(SUPPLIED DATA)
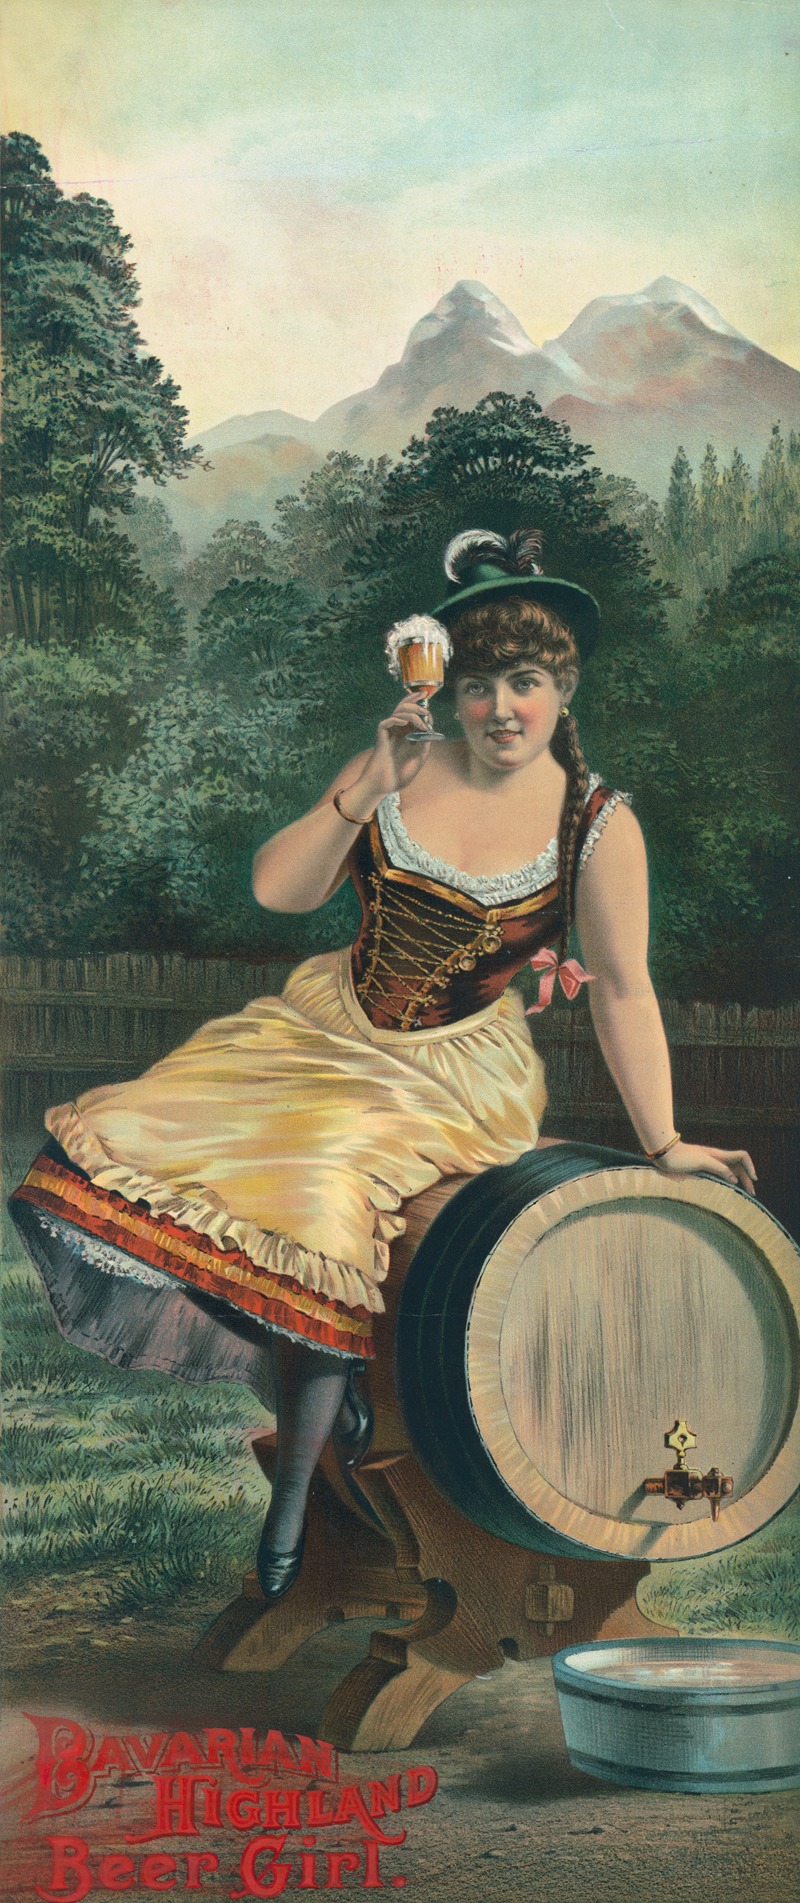 Henry Jerome Schile - Bavarian highland beer girl
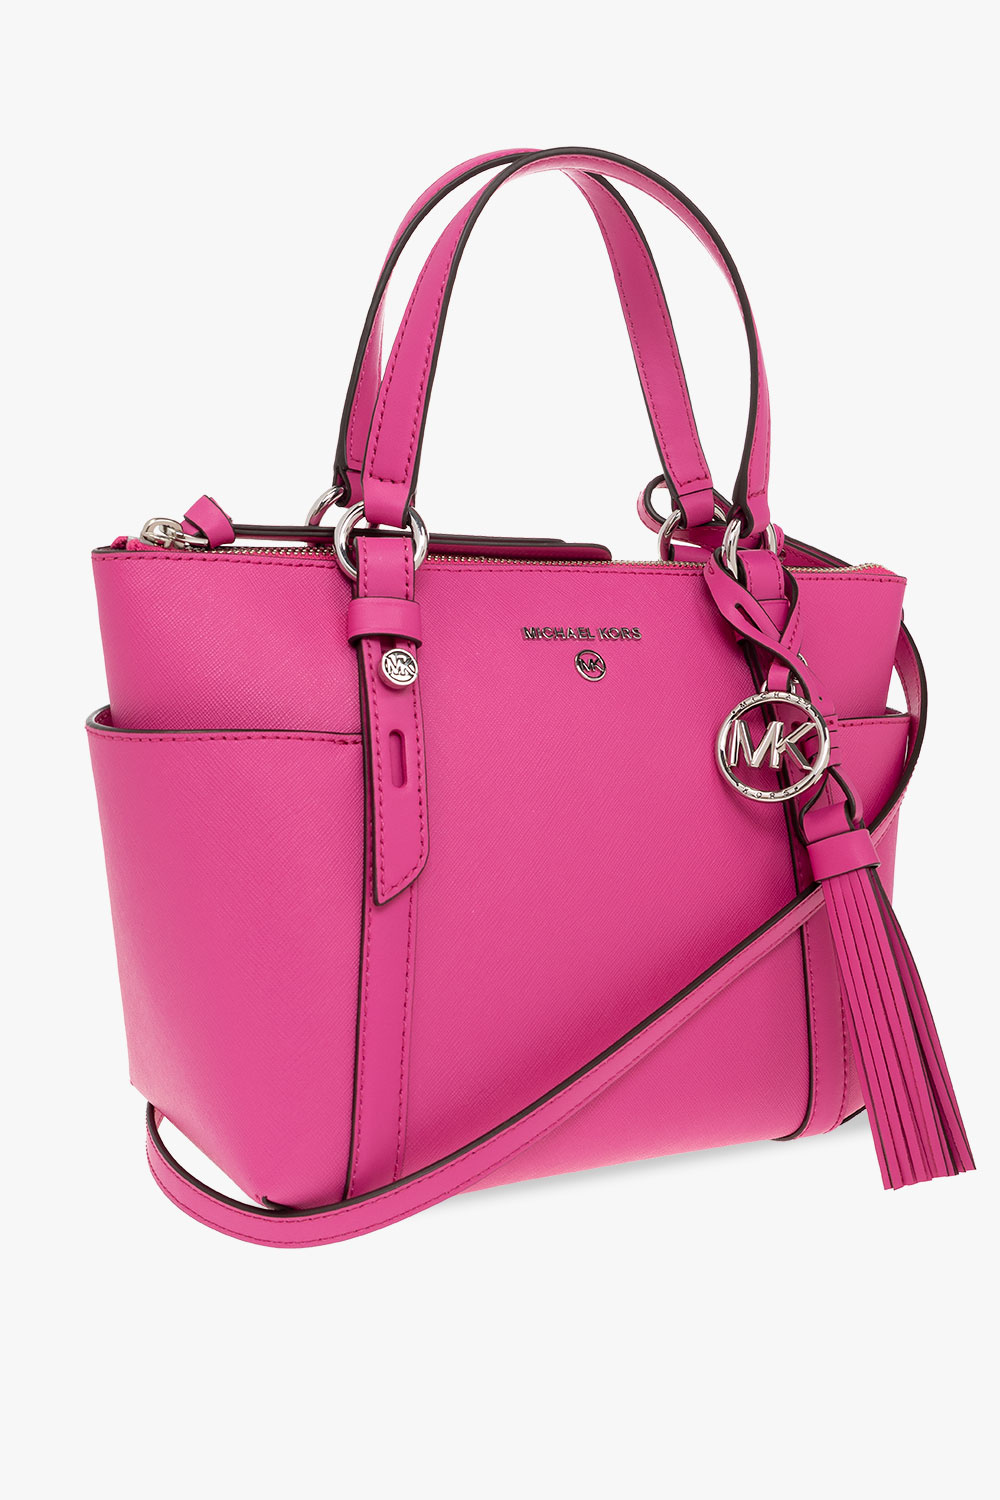 Michael Kors Sullivan Small Saffiano Leather Tote Bag In Pink
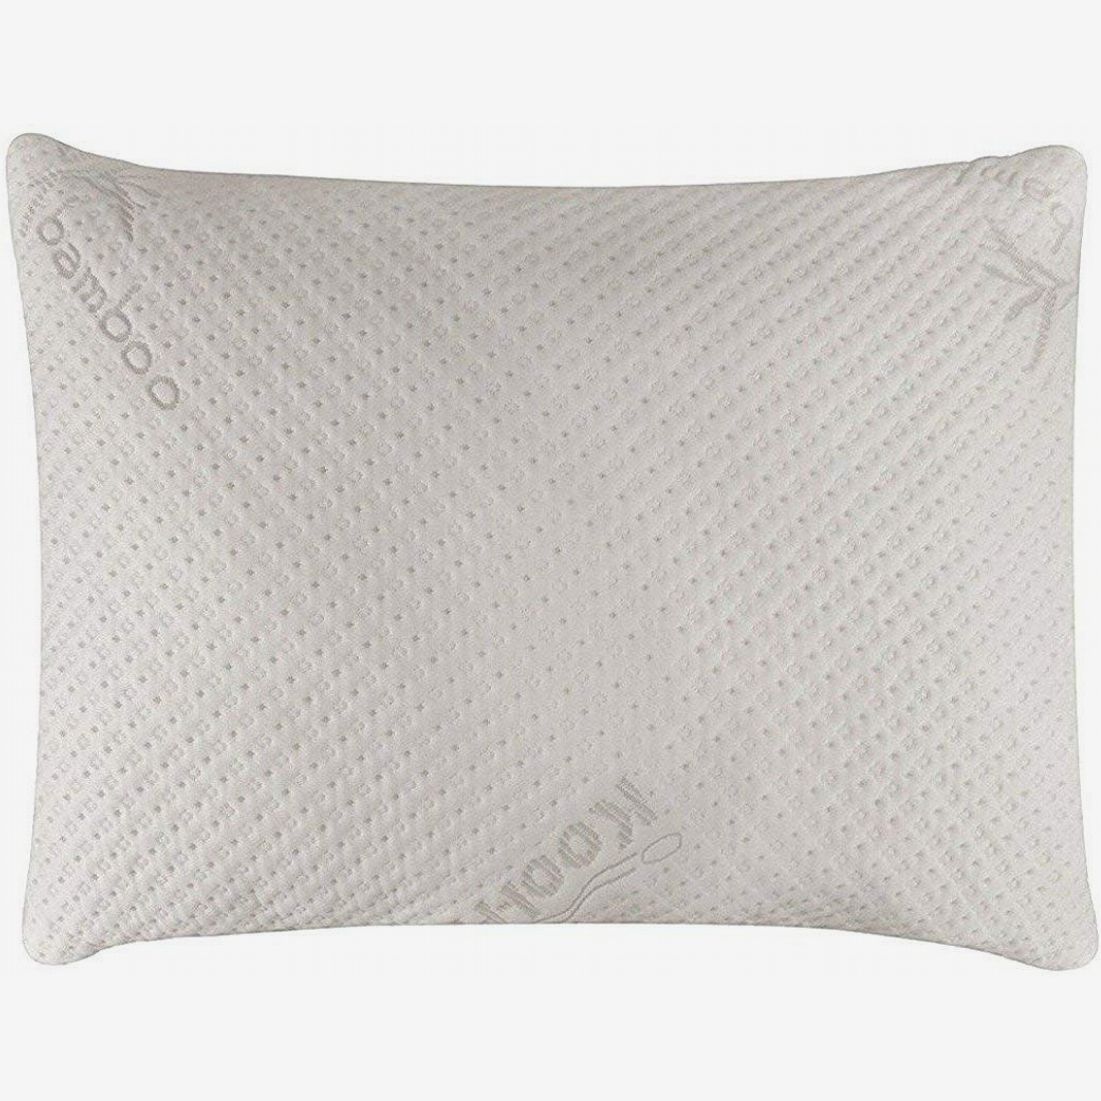 snuggle pedic pillow uk
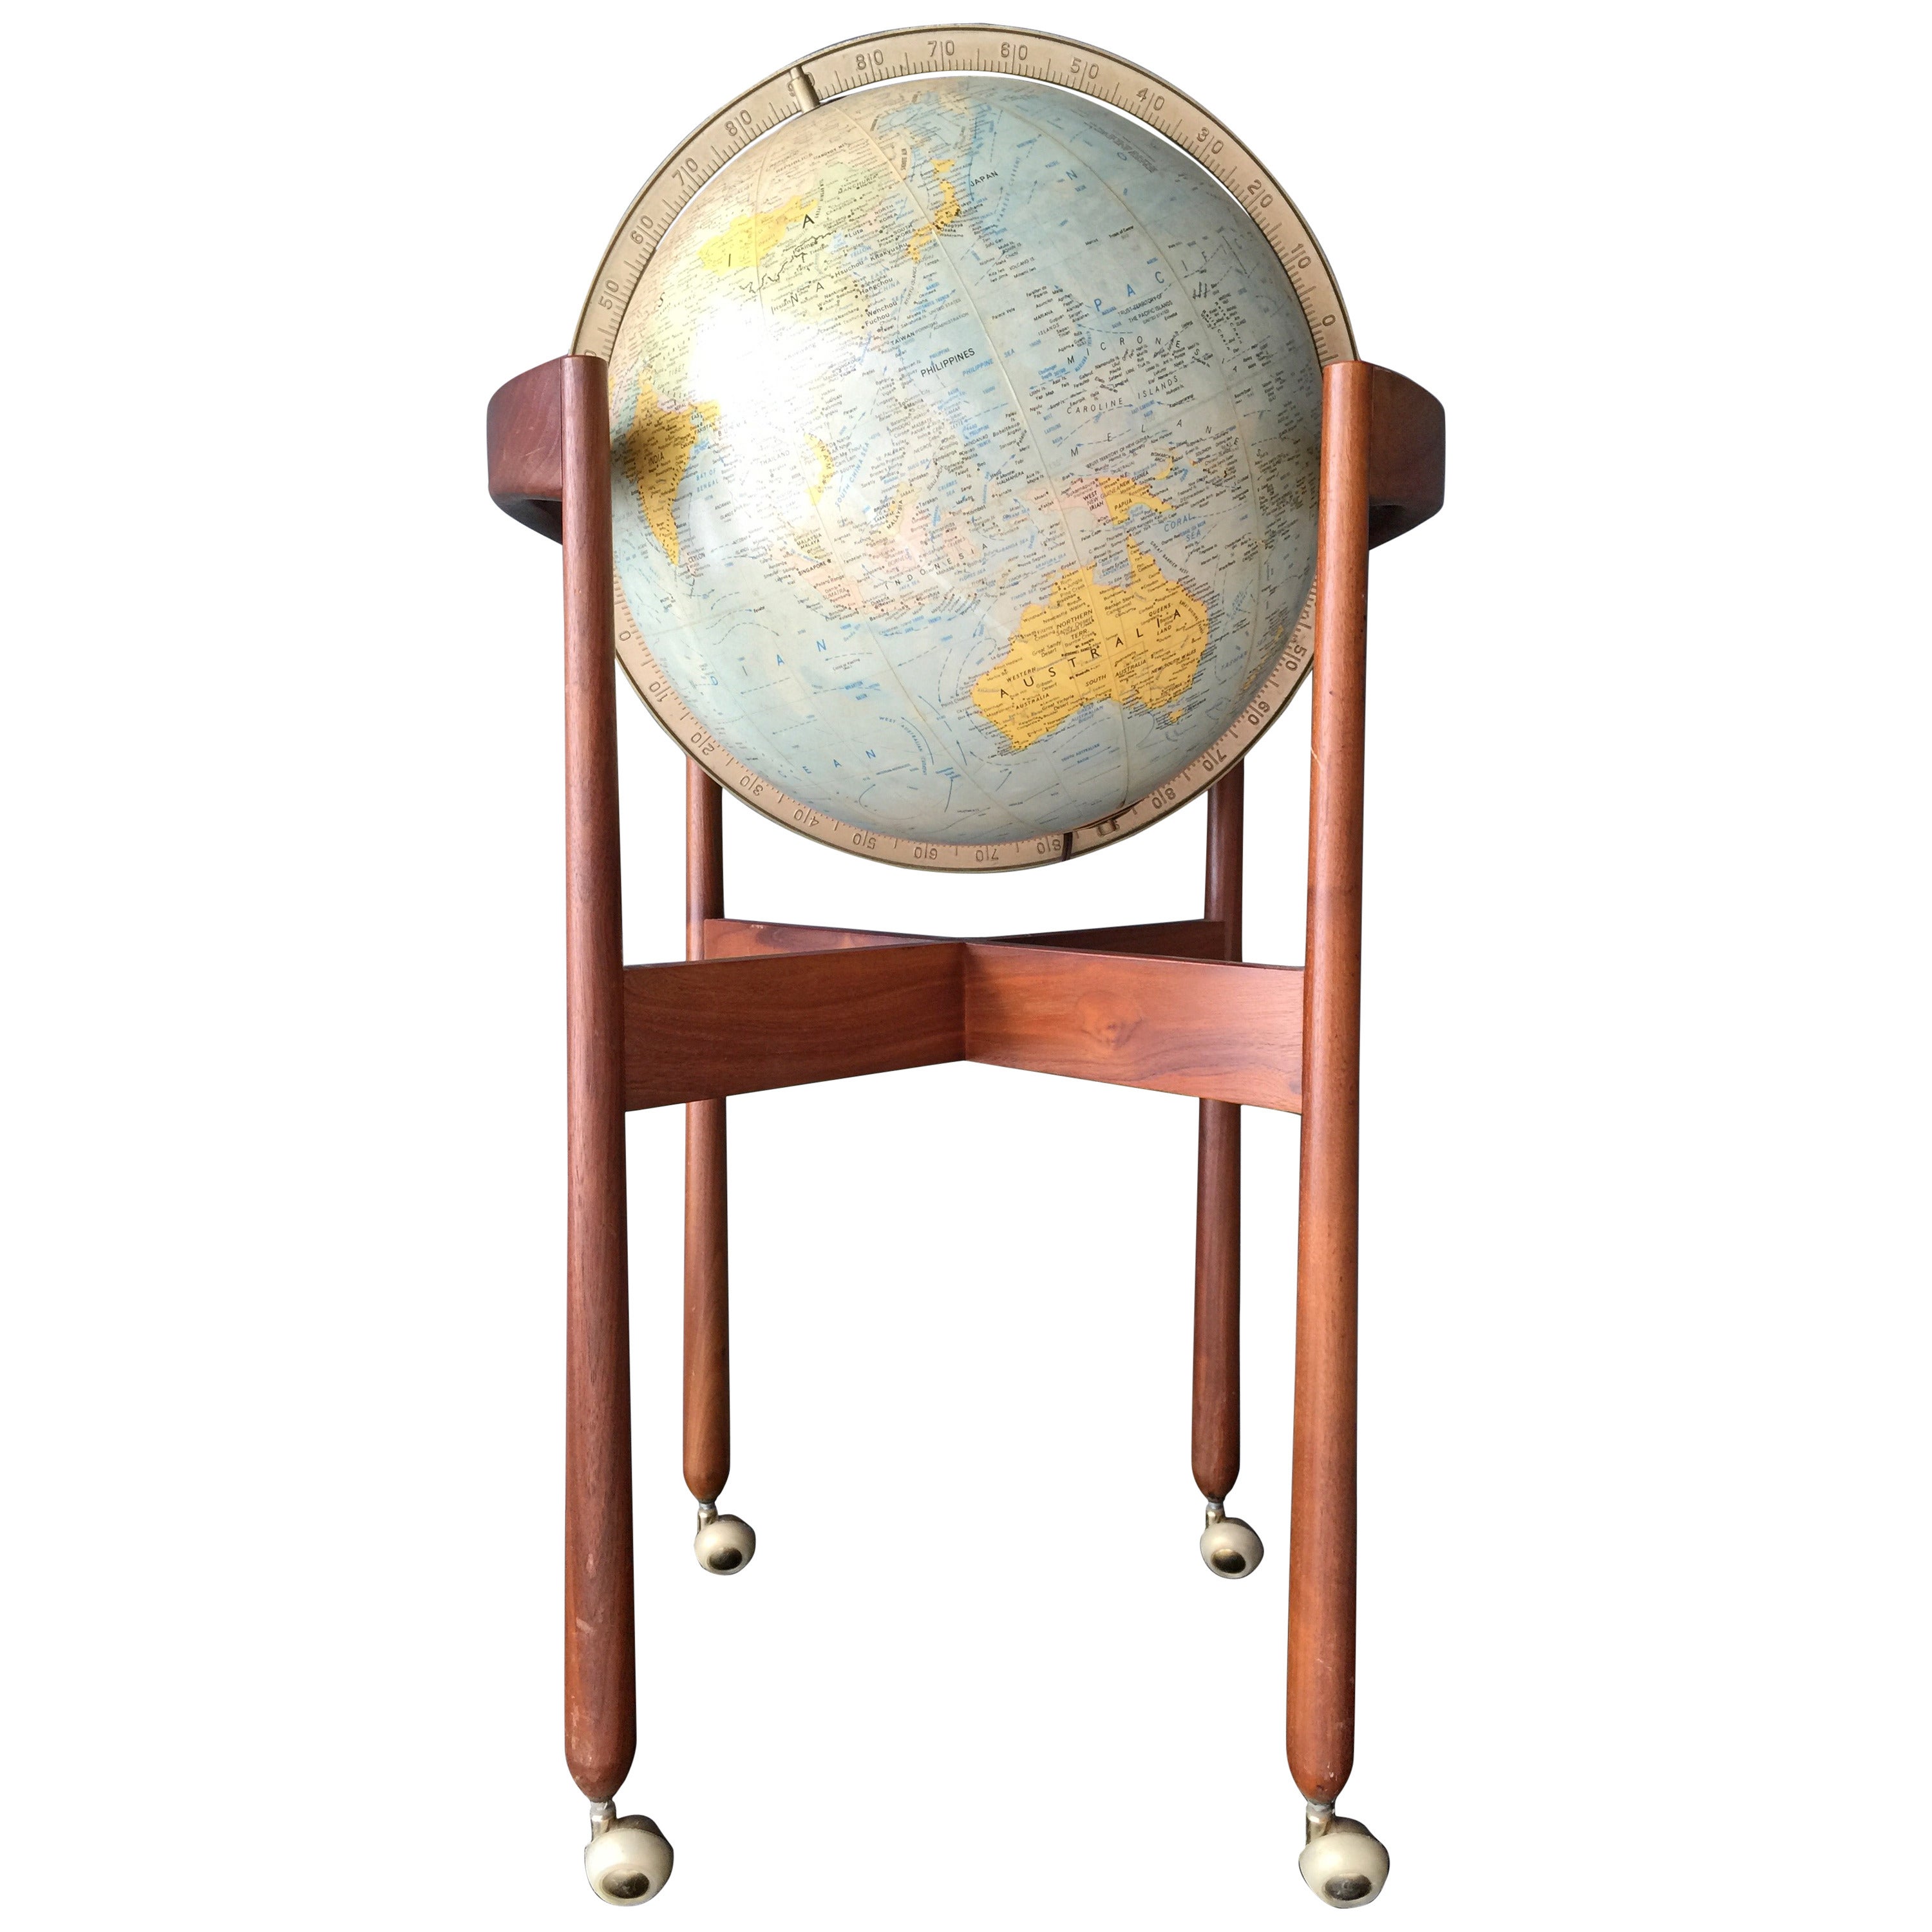 Jens Risom Vintage Illuminated World Globe on Stand
(End SUPPLIED DATA)
AIM OF THE TASK – Using the material above, restate word for word the lines from the line that has "snuggle pedic pillow uk" to the last line, inclusive, with pictures omitted.

SOLUTION TO THIS EXERCISE –
 snuggle pedic pillow uk
 Jens Risom Vintage Illuminated World Globe on Stand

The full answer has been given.